Trying to review any support information on the game is also awkward as well since their support address is found in the game's manual.  http://www.mafiaglobalsupport.com/

Apparently others are running into the exact same type of problem with the installation failing right after inserting the second disk or running it.  http://www.buyzillion.com/B00004U8K2/Reviews/Mafia.html

I had a similar problem with Rainbow Six a few years back where it simply wouldn't go on 98SE or XP there. Yet like one description pointed out other even older games go right on. One review pointed at even buying a new set of disks and still not getting anywhere at the link there ruling out damage to a cd.
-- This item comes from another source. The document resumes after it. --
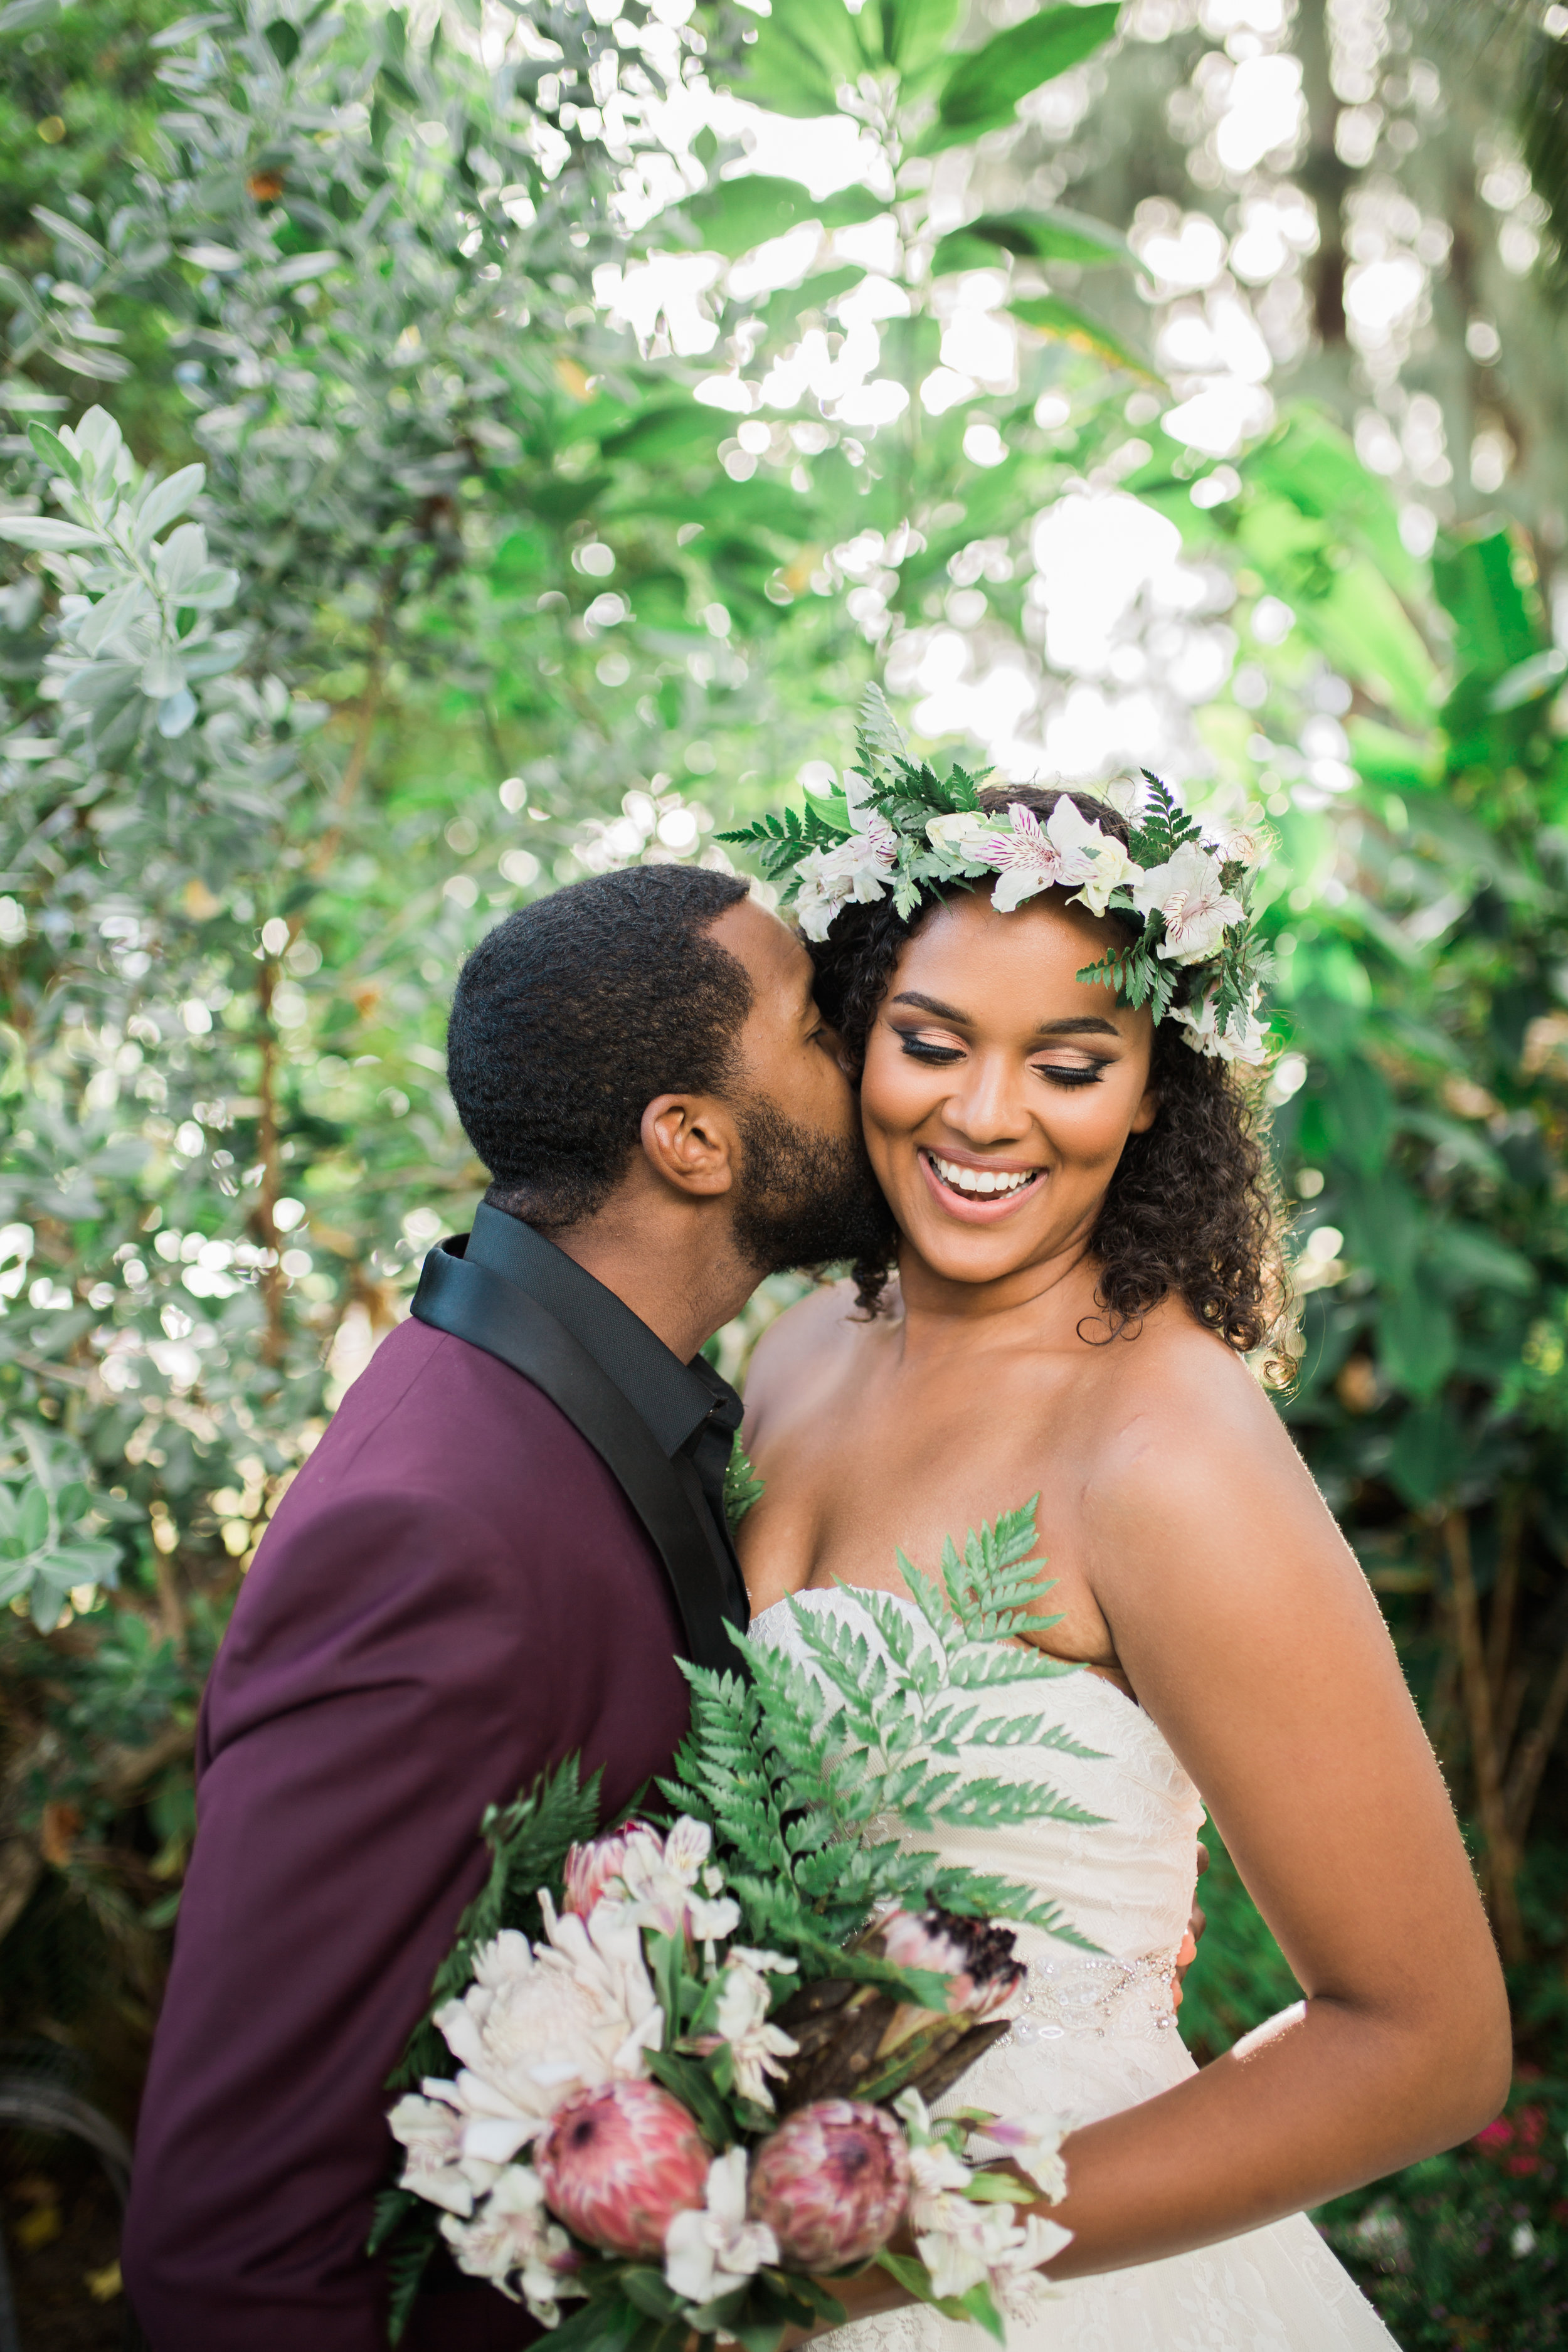 Gardens-BrideGroomGardens2 _Vanessa Hicks Photography-8744.jpg

Have you tried any other cd installers in case the drive or drive cable is the problem? I recently had to replace the data cable for the sata dvd drive here when you couldn't boot from the Vista dvd or GParted live. Now the drive will see rws as well as dvd-rs.


----------



## PunterCam

It'll be a damaged disk. I had a similar problem with max payne 2 a few months back, intalled to the same point everytime on several computers. Wasn't any obvious damage to the disk but I guess it was there


----------



## PC eye

The game disks may or may not be simply bad or damaged. Every once in awhile you simply end up with a stubborn installer when the conditions aren't just right to see an install complete. The common trend now is to see at least 1-2gb of memory with others running 64bit for 4gb or more. 

The software portion on the other hand was geared for 256mb, 512mb, 1gb assuming the average prebuild standard in the design. Simply copying files to the drive certainly won't work since it's software that requires an installer to create the folders/sub folders as well as the new registry entries instructing Windows what to load when the game is run.


----------